## Activity:
Your answer must be the lines from the one containing "Artist: Mathurin Moreau (FRENCH, 1822-1912)" through the last line of the records below, copied exactly, with the pictures left out.

## Information shown:
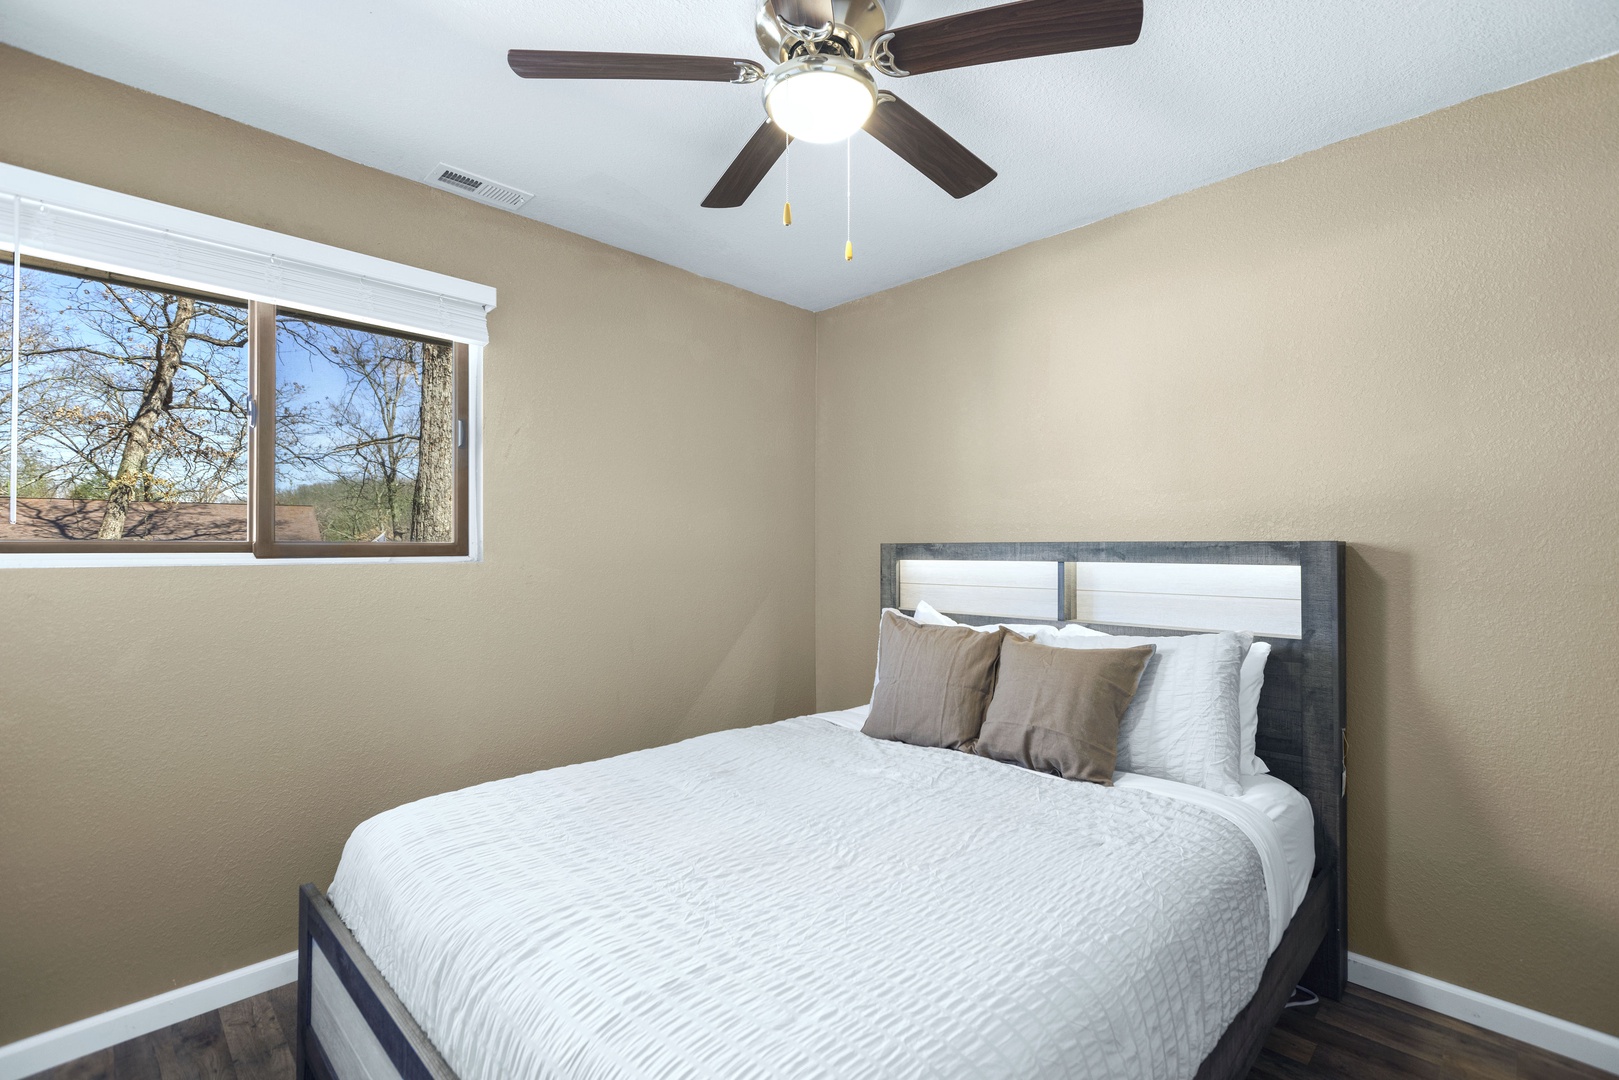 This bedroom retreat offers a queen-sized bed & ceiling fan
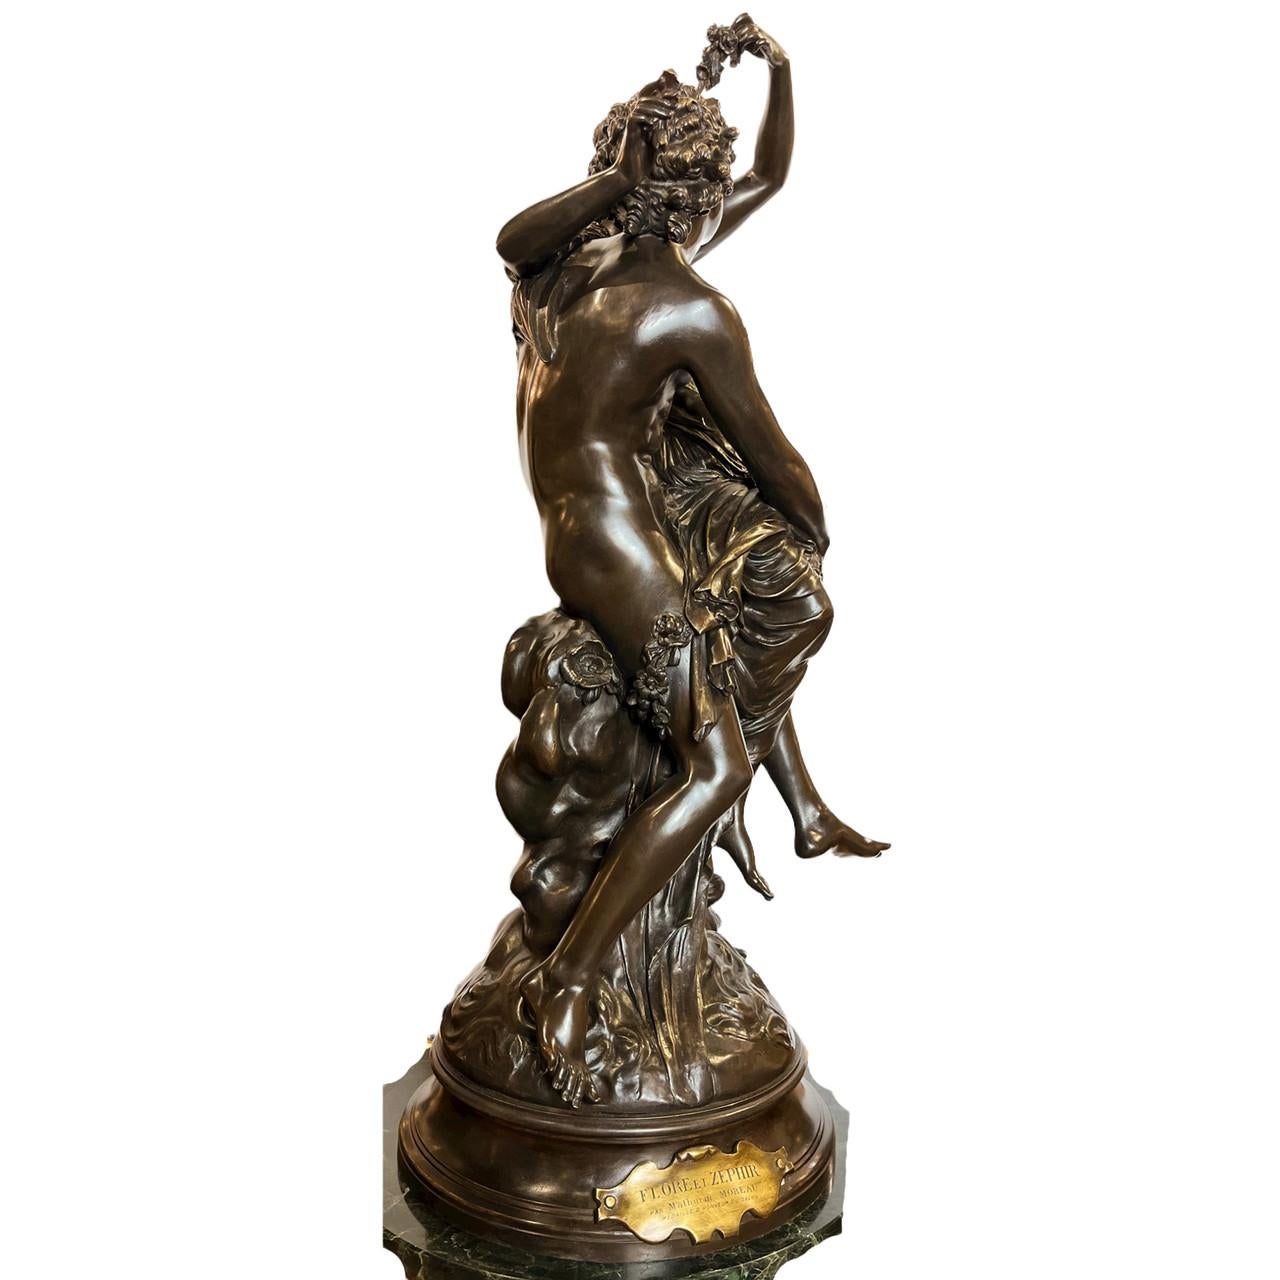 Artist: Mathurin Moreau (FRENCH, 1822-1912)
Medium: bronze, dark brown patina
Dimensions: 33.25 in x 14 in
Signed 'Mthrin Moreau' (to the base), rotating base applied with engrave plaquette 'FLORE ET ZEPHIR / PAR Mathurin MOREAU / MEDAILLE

## The answer:
 Artist: Mathurin Moreau (FRENCH, 1822-1912)
Medium: bronze, dark brown patina
Dimensions: 33.25 in x 14 in
Signed 'Mthrin Moreau' (to the base), rotating base applied with engrave plaquette 'FLORE ET ZEPHIR / PAR Mathurin MOREAU / MEDAILLE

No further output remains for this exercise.